Just a few updates. LetsGoDigital has some very nice pictures of the camera.

Taking pictures at the party yesterday mostly worked fine. I did confuse the power button with the shutter button twice, and sometimes the flash-precharge time seemed overly long; also, the LCD display blanks out for a second while the flash fires. One image was very blurry – I think inadvertently turned the flash off, so the camera shifted to a longer exposure time. The rest were mostly fine, if not too sharp, and a little darker than I normally like. I tried out the movie clip feature but the room was too dark for that.
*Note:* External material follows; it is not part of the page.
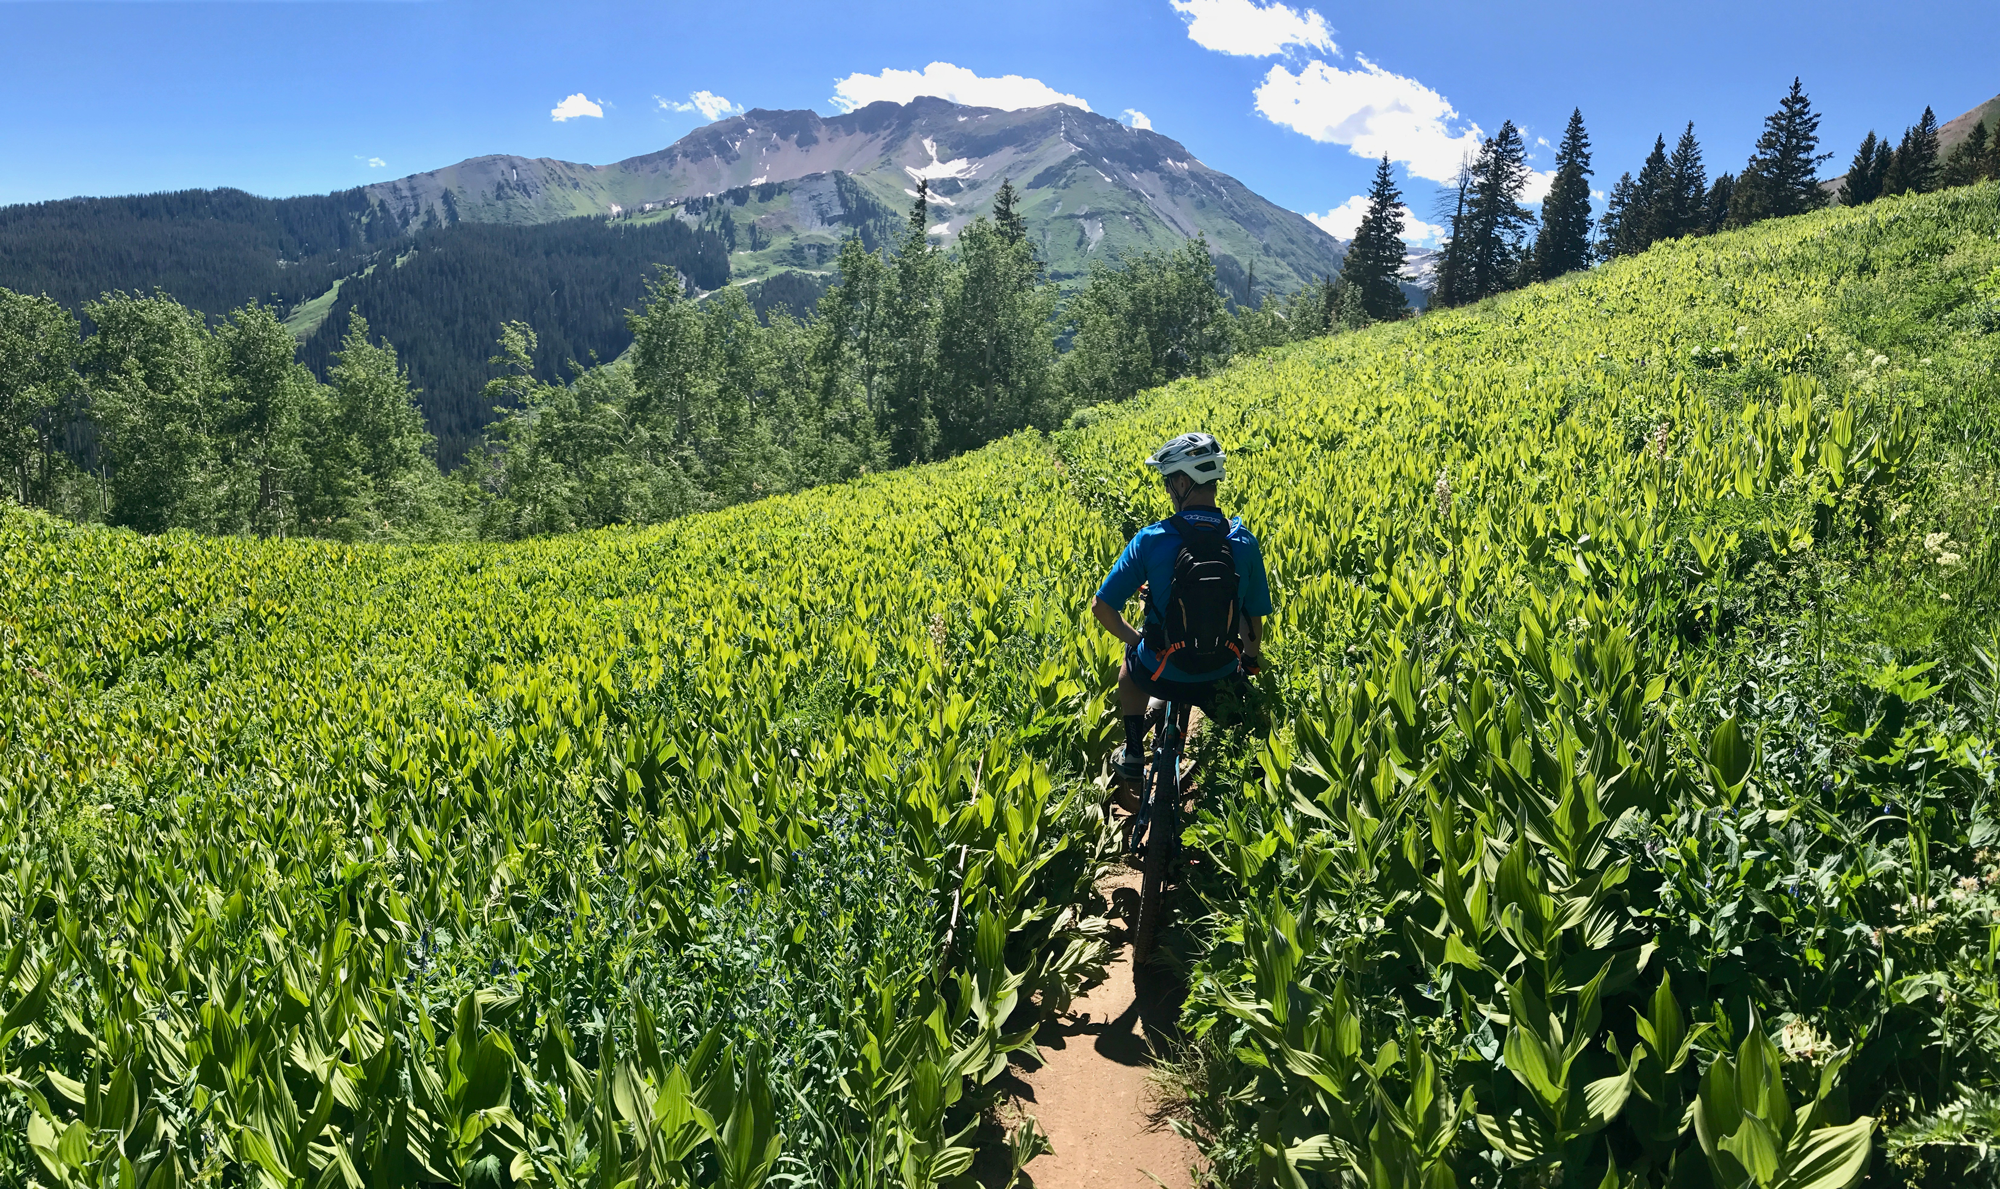 Riding Crested Butte trail with mountain views

I took some pictures under incandescent lights but the auto white balance didn’t work too well.

Afterwards, downloading the pictures to our host’s Windows XP laptop worked fine with no additional installation. Coincidentally, he’d just gotten a Olympus C-4000; it was striking to compare them side-by-side, the Olympus looks big and clunky. At maximum resolution, the Olympus takes a 2288×1712-pixel picture compared to the Optio’s 2048×1536. Other features are roughly equivalent, but the Olympus weighs 400g compared to the Optio’s 115g!

Reading the manual I discovered other goodies. The movie clip mode takes a maximum of about 370 frames (30 secs at 12.33 fps). However, one can divide the frame rate by 2, 5, 10, 20, 50 or 100 to make time-lapse movies; at the last rate, this means 50 minutes are compressed into 30 seconds. This should be fun; I’ll have to find my old pocket tripod for testing this. Images can be cropped to a smaller size inside the camera, copied between the internal memory and the SD card, and b&w, sepia, and colored filters can be applied.

As soon as possible, I plan to buy a spare battery, the AC adapter and a case for the camera; none of these were available at the store when I ordered it, unfortunately.